WHAT YOU HAVE TO DO:
Exactly reproduce the data from its first line through the line with "January 2020 Calendar", leaving out every line after it.

[Recorded data]
*** Begin section ***
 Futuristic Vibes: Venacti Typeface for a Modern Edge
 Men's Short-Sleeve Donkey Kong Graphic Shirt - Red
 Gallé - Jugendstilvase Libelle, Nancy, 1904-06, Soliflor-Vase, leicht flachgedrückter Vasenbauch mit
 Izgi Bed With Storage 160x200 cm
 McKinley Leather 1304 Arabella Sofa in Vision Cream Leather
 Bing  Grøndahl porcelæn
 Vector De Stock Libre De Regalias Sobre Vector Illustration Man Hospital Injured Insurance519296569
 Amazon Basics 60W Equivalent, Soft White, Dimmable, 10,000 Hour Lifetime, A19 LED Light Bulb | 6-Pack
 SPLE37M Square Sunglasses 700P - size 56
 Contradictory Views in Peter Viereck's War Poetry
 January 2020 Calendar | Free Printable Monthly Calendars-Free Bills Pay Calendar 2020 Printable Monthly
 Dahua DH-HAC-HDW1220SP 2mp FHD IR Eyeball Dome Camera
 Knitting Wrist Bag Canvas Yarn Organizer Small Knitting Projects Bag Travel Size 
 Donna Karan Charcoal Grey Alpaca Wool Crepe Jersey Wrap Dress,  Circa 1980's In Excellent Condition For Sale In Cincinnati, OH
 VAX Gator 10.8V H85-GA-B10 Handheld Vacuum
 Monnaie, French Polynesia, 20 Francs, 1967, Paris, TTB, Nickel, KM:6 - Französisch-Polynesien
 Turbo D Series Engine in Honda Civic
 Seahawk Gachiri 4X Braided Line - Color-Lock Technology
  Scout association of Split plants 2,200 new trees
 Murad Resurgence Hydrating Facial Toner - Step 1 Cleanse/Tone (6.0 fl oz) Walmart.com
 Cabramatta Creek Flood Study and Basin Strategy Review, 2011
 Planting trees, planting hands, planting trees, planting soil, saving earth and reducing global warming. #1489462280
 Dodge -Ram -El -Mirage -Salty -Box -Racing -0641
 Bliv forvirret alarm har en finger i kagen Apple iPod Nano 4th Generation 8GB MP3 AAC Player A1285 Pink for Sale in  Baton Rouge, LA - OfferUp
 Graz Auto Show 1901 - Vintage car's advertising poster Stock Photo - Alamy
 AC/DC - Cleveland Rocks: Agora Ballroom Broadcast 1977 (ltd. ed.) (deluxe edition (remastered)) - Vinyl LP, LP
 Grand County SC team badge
*** End section ***
TASK RESULT:
 Futuristic Vibes: Venacti Typeface for a Modern Edge
 Men's Short-Sleeve Donkey Kong Graphic Shirt - Red
 Gallé - Jugendstilvase Libelle, Nancy, 1904-06, Soliflor-Vase, leicht flachgedrückter Vasenbauch mit
 Izgi Bed With Storage 160x200 cm
 McKinley Leather 1304 Arabella Sofa in Vision Cream Leather
 Bing  Grøndahl porcelæn
 Vector De Stock Libre De Regalias Sobre Vector Illustration Man Hospital Injured Insurance519296569
 Amazon Basics 60W Equivalent, Soft White, Dimmable, 10,000 Hour Lifetime, A19 LED Light Bulb | 6-Pack
 SPLE37M Square Sunglasses 700P - size 56
 Contradictory Views in Peter Viereck's War Poetry
 January 2020 Calendar | Free Printable Monthly Calendars-Free Bills Pay Calendar 2020 Printable Monthly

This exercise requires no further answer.